Re: questionable advice #1: following this dictate the chances are very good that, unless you are passionate about a very obscure and/or little known object of affection, you’ll be making pictures of a subject a lot other picture makers are picturing. Re: #2: creativity and imagination pursued for their own sake will head you straight down the road of cliche picture making. Re: #3: forget breaking the rules and concentrate on making your own rules.
iMo, the only advice worth a damn-employed in finding your own unique artistic vision-is to make lots and lots of pictures of any thing and every thing (no thinking allowed) that catches your eye and and pricks your sensibilities, using a single camera, one lens (or 2, a semi-wide and semi tele). Make small (cheap) prints and look at them. Following this activity for, say, 1/2 a year, I would be surprised if ,when you lay out the pictures, you don’t find some that; 1) capture the look and feel of what you saw, and, 2) stick together as a unified body of pictures.
The purpose of this activity is to discover and, hopefully, begin to understand how you actually see the world. That is, not in a “creative” or “imaginative” sense, but, rather, how you literally see the world using your visual apparatus / senses, just like you do when you open your eyes in the morning.
# 5901-04 / around the house • kitchen life • kitchen sink ~ easy does it
ON A RECENT POST ON ANOTHER SITE THE IDEA OF EDITING one’s work came up. The general response to the post was that editing one’s own work is hard / difficult work and there were suggestions by commenters, re: how to make editing easier.
In my little corner of the picture making world, editing my work has never been hard or difficult. That is so for a number of reasons. One important reason is the fact that, even though I make a lot of pictures (nearly 13,000 pictures in my “finished” picture folder, all made over the past 20 years), those pictures are the result of making very considered single POV selections for making a picture. I rarely “work” a scene other than an exposure bracketing so in most cases it’s one-and-done. The result? There are not a lot of frames to sort through.
Add to that situation, the fact that I have a very high good picture success rate (feel free to call this a conceit), I do not spend much time having to decide whether a picture is a “keeper” or not. That written, some of my keepers are better than others.

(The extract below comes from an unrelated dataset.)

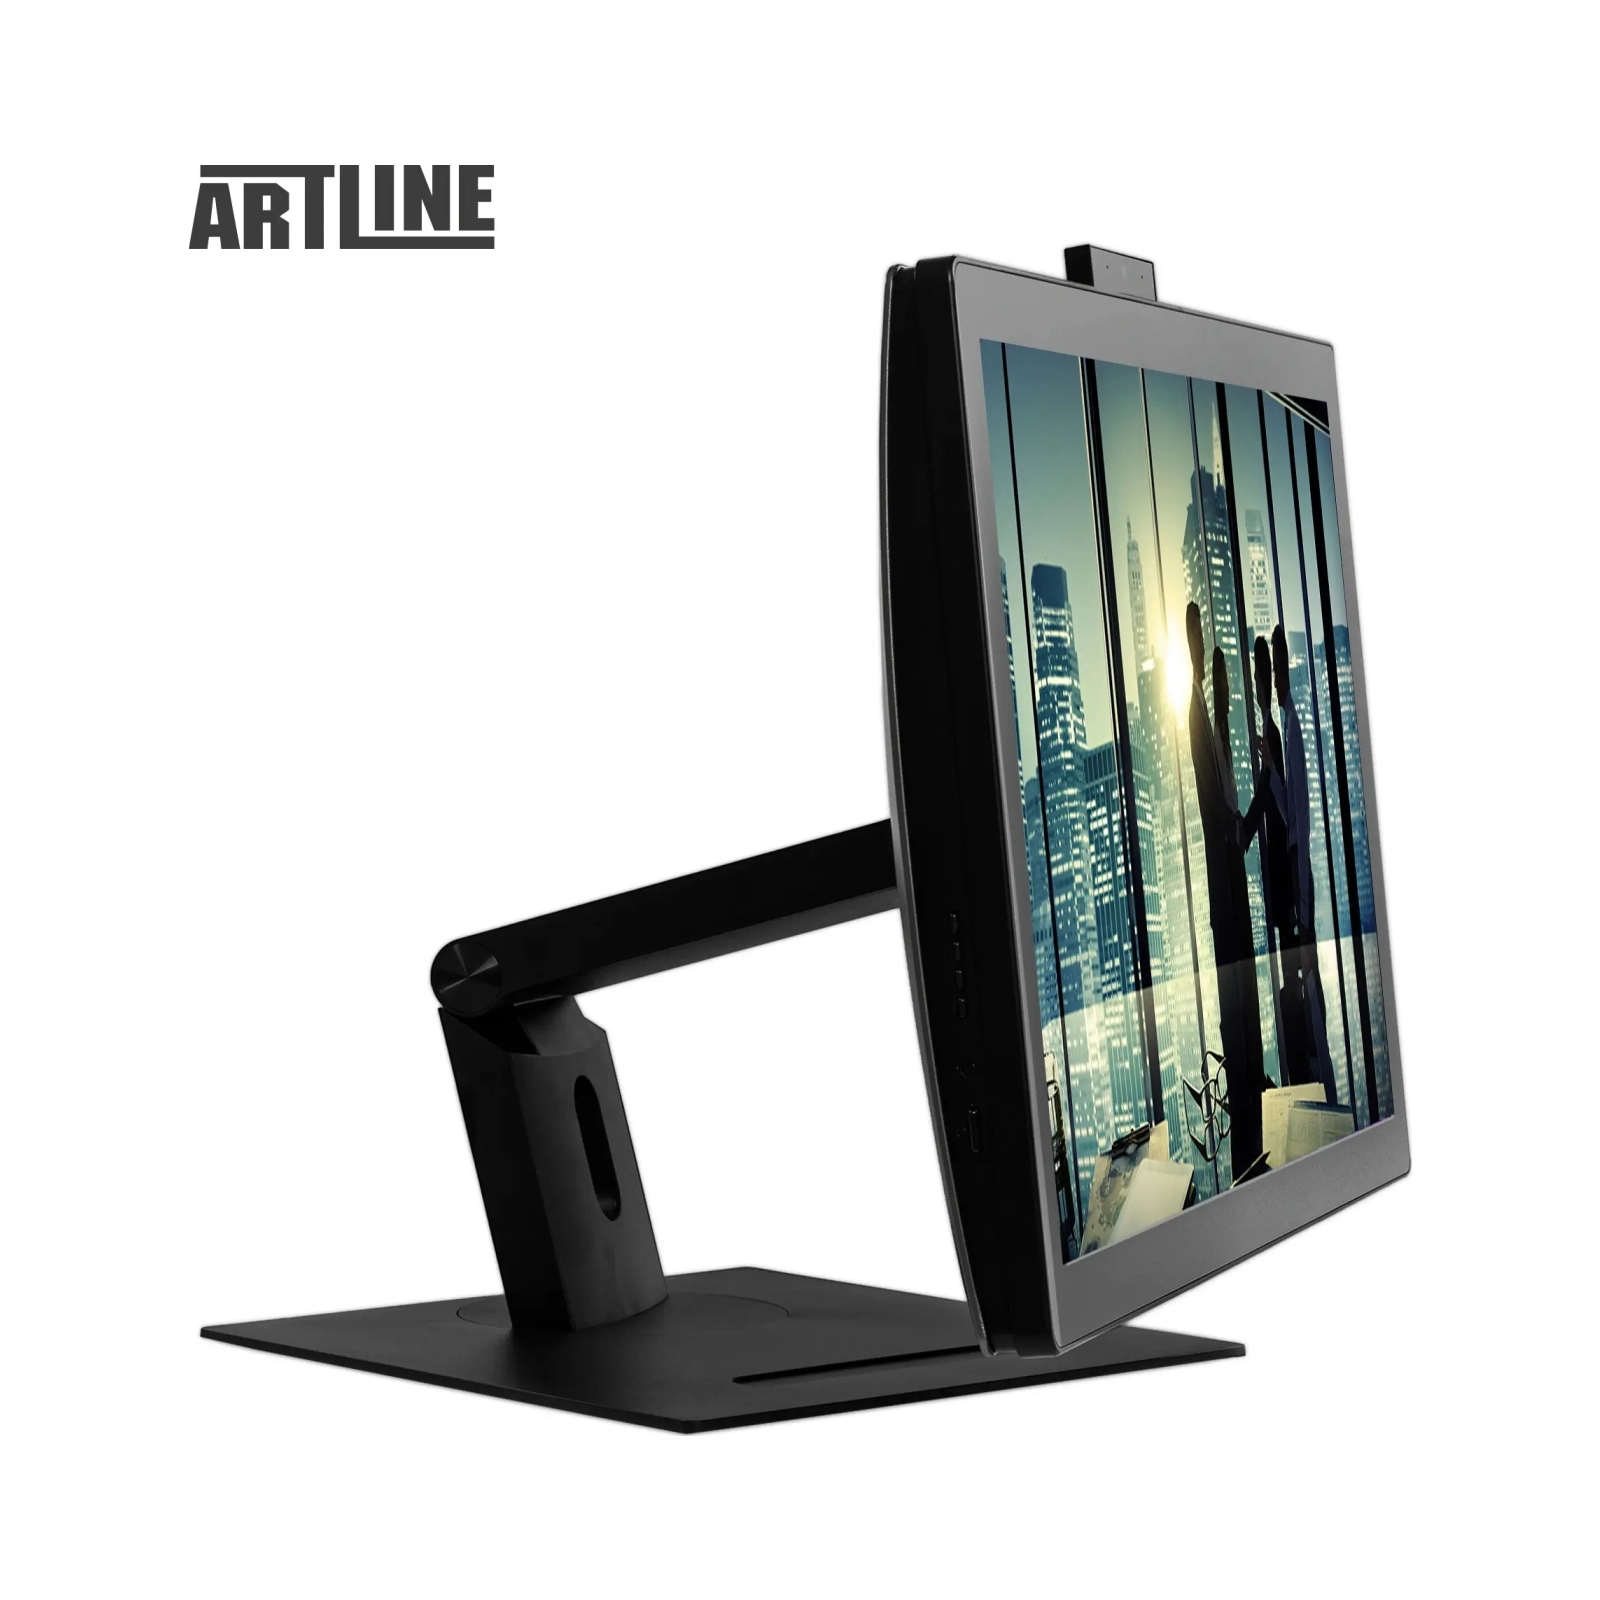 Компьютер Artline Business GT41 (GT41v01) изображение 10

How I determine which pictures are merely good, which are better, or which are best, aka: editing, is based upon the same premise I employ in my picture making…that is, trusting my vision-both literal (what my eyes perceive) and figuratively (perceiving forms that are recognizably derived from real life). Or, to put in in other words, I picture whatever pricks my eye and sensibilities and I determine whether my pictures are good / better / best based upon how they prick my eye and sensibilities.
That is, when a picture hits my eye like a big pizza pie and then shakes my nerves and rattles my brain, it slides into my “best of” folder and usually ends up on a wall (my home, in a galley) or in a photo book.